### EXERCISE DIRECTIONS
Leaving out all pictures, write out word for word the lines from the one containing "Gerahmt (Holz)" to the end of the data below.

(Dataset records)
_ _ _ _

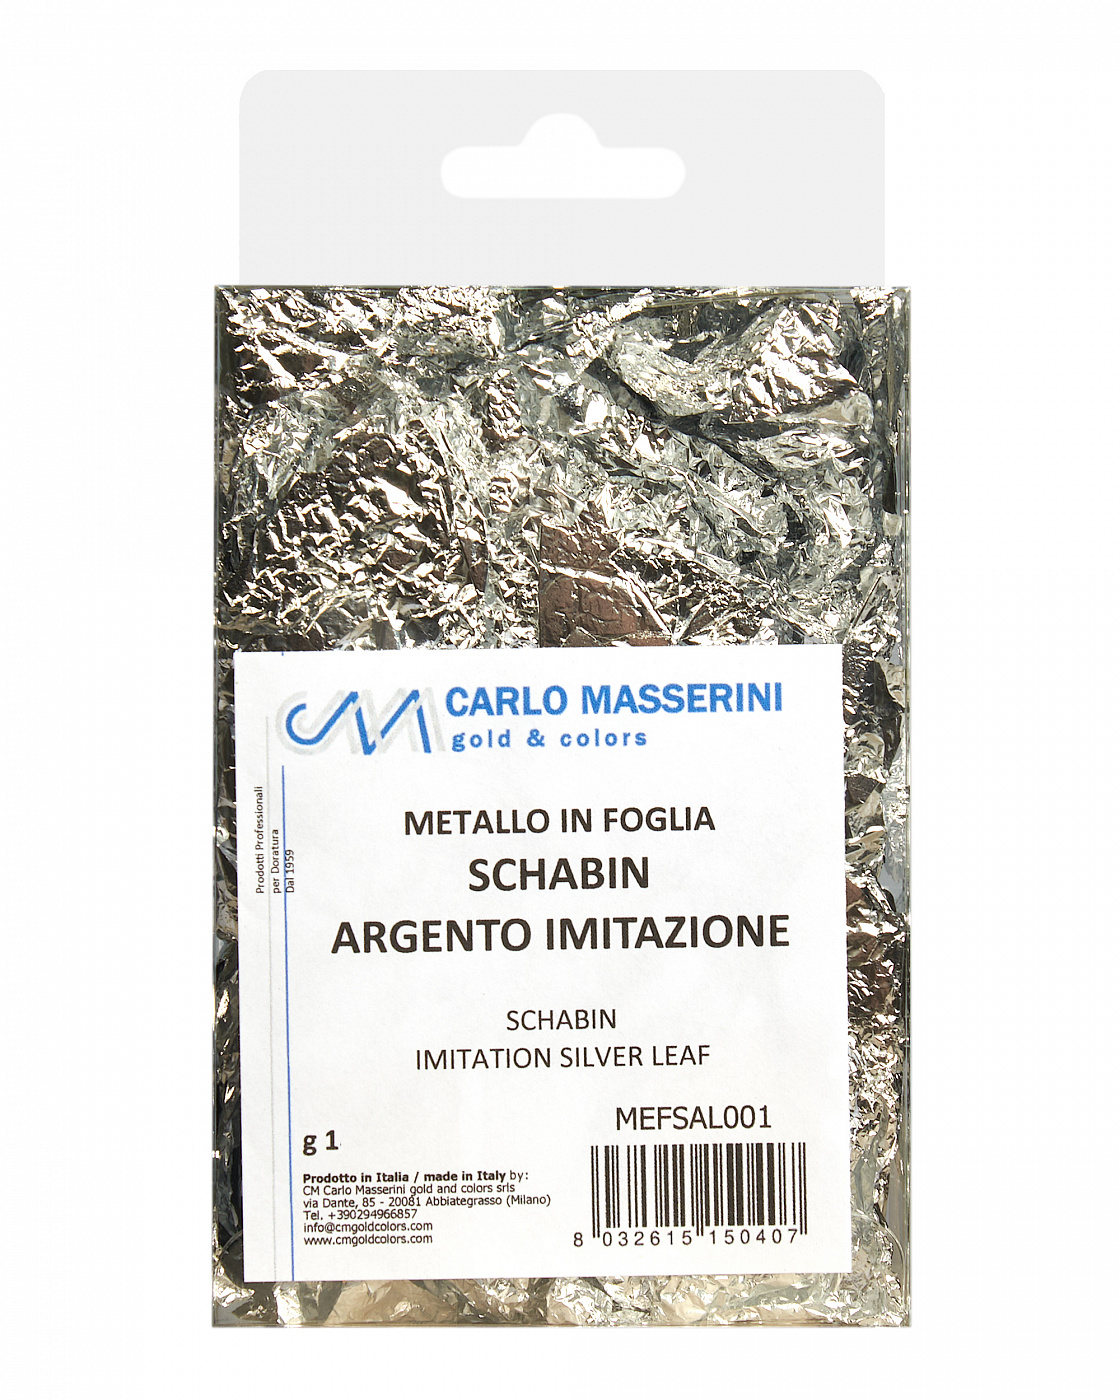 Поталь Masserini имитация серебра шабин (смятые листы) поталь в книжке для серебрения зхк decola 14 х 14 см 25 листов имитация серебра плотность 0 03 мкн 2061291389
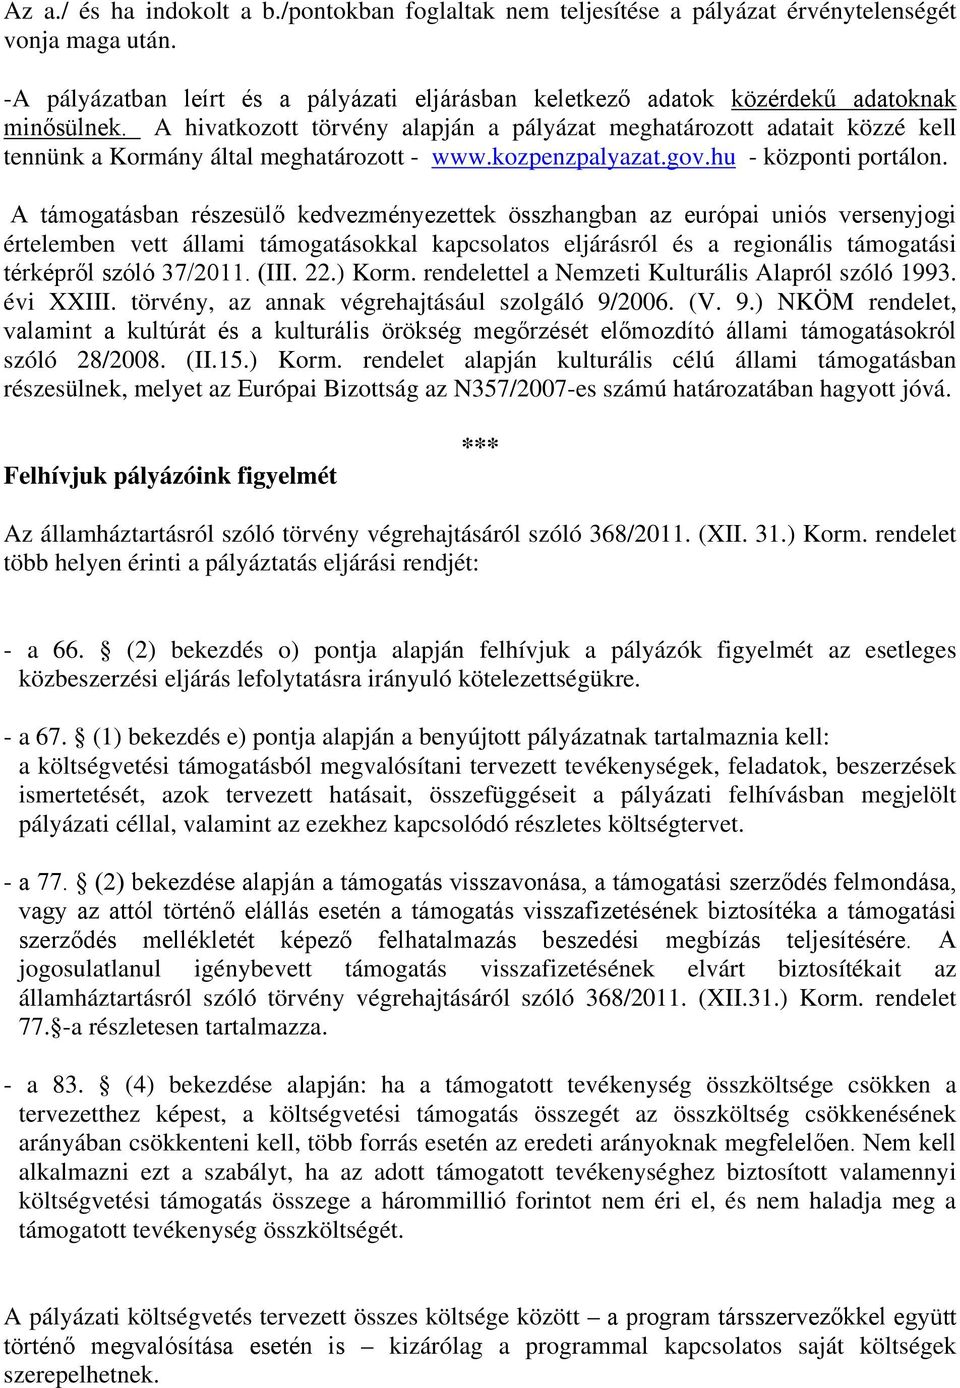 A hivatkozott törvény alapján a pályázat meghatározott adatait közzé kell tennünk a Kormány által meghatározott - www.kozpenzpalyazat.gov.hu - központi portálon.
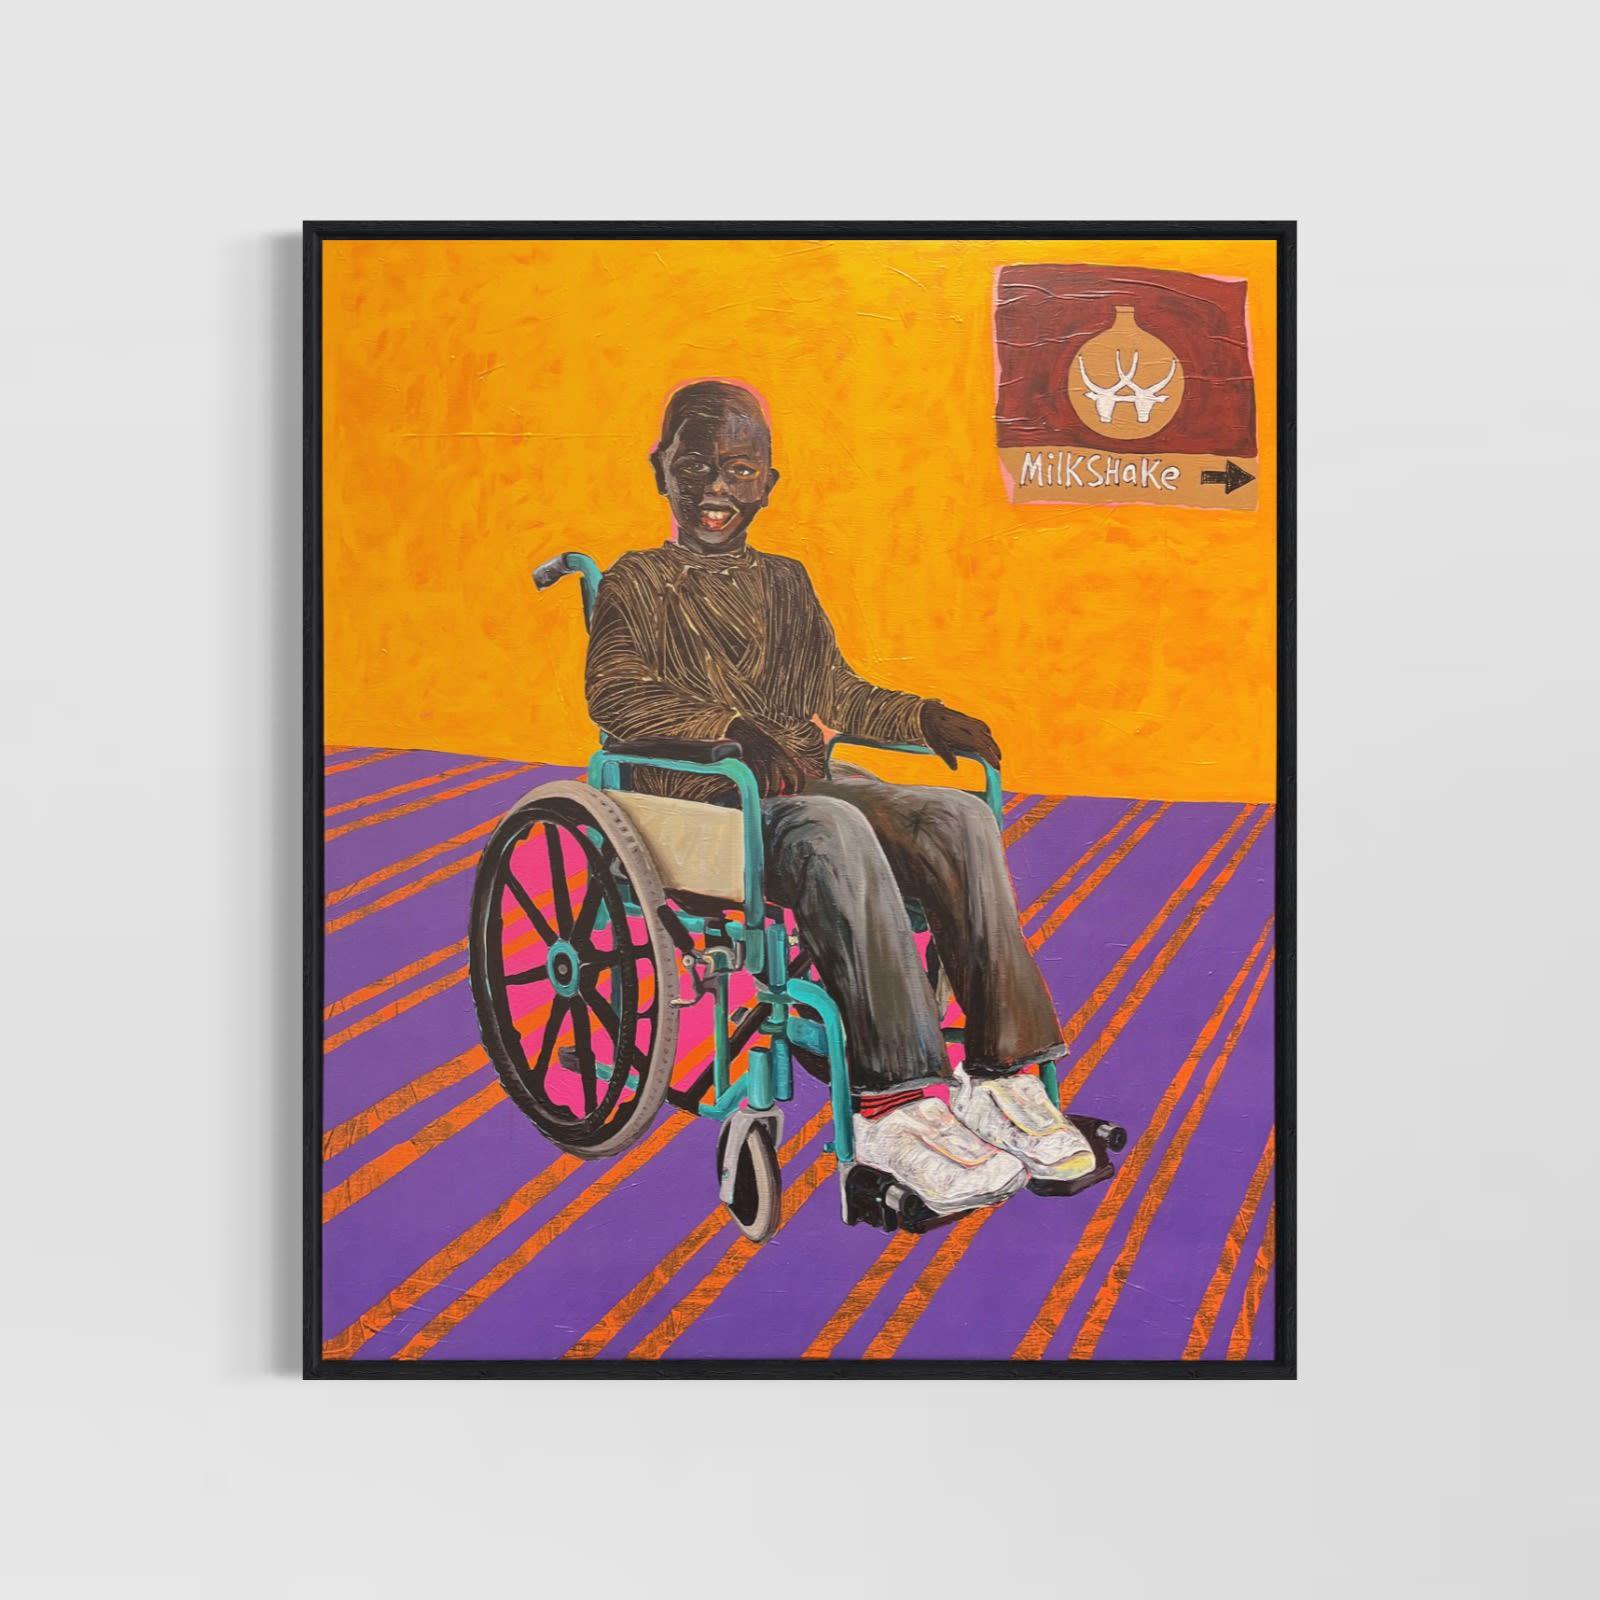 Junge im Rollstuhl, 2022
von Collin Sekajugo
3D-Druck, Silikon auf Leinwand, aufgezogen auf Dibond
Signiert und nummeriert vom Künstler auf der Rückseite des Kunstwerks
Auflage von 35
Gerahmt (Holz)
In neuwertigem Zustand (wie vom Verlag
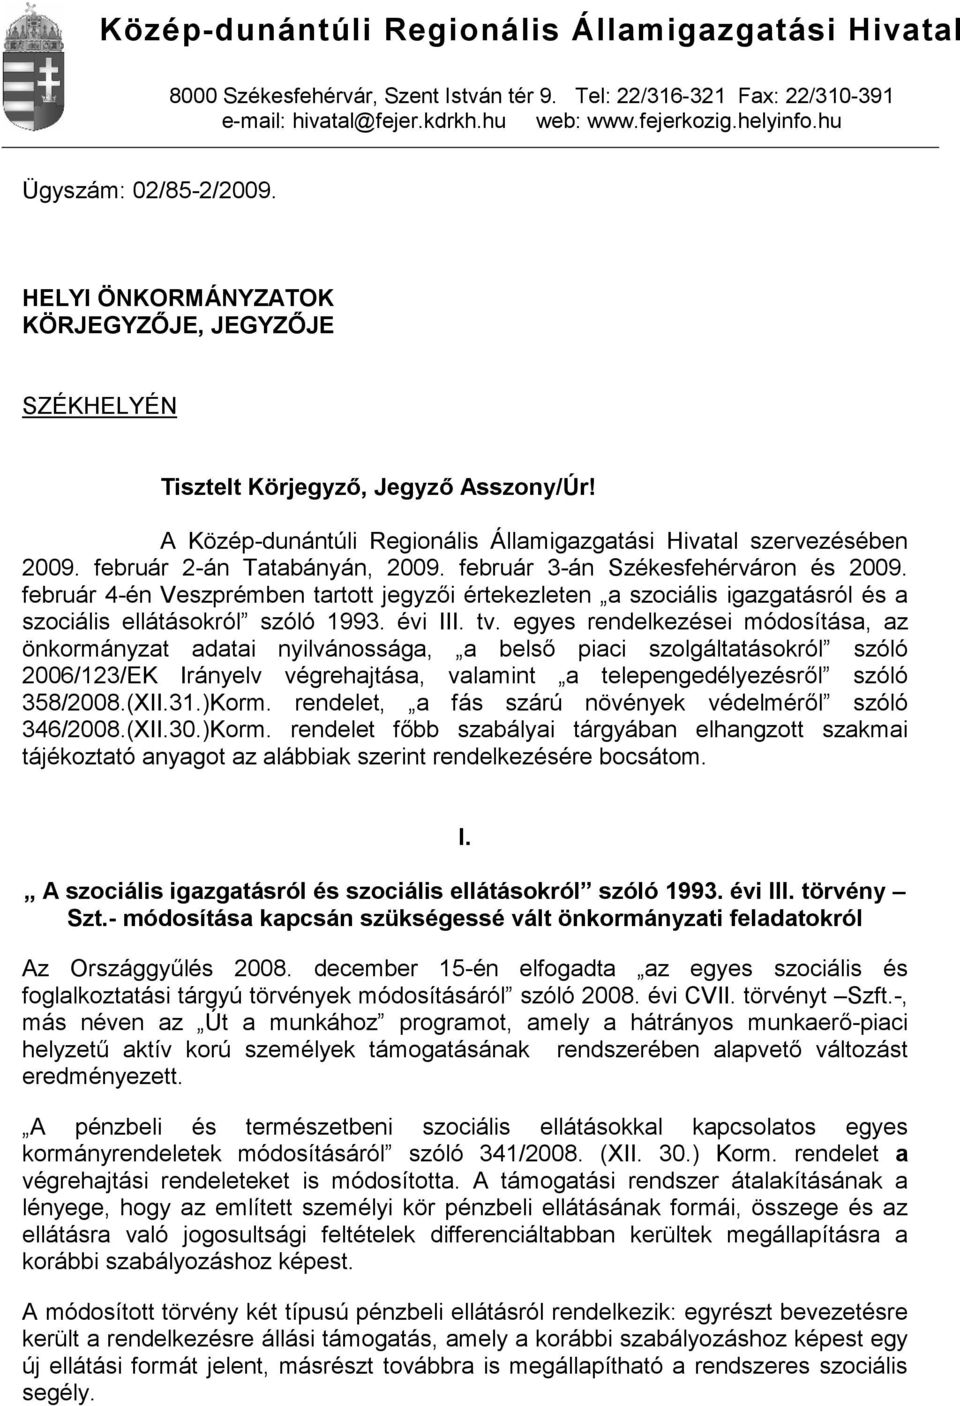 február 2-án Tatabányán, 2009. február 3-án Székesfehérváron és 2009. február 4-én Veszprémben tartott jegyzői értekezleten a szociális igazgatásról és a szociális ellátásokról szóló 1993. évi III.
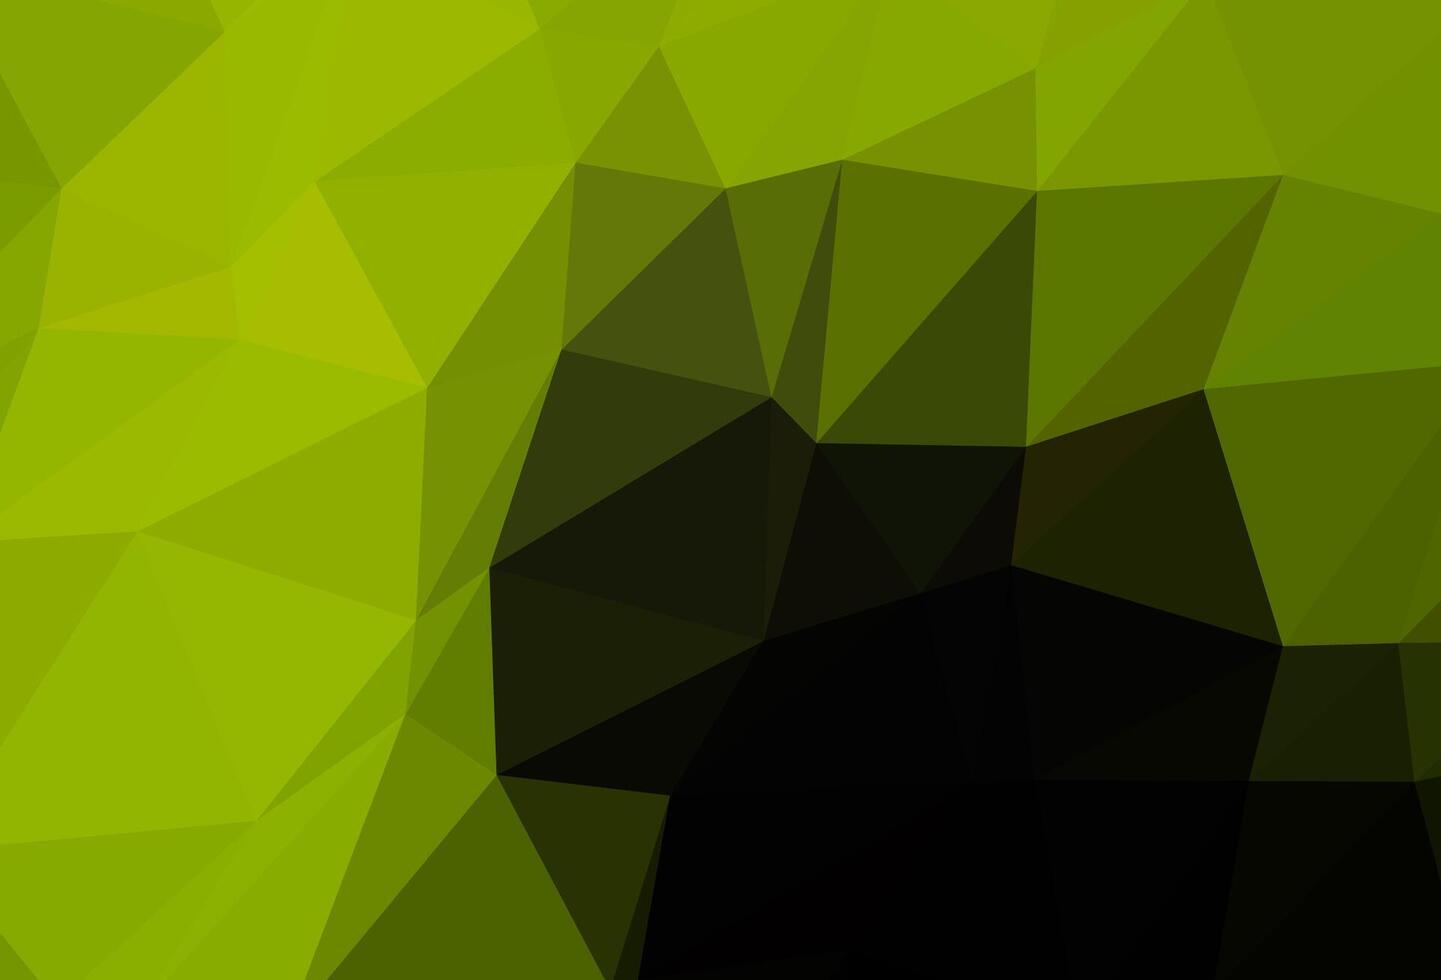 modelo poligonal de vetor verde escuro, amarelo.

_ _ _ _

### EXERCISE RESPONSE
Gerahmt (Holz)
In neuwertigem Zustand (wie vom Verlag
 február 2-án Tatabányán, 2009. február 3-án Székesfehérváron és 2009. február 4-én Veszprémben tartott jegyzői értekezleten a szociális igazgatásról és a szociális ellátásokról szóló 1993. évi III.
 modelo poligonal de vetor verde escuro, amarelo.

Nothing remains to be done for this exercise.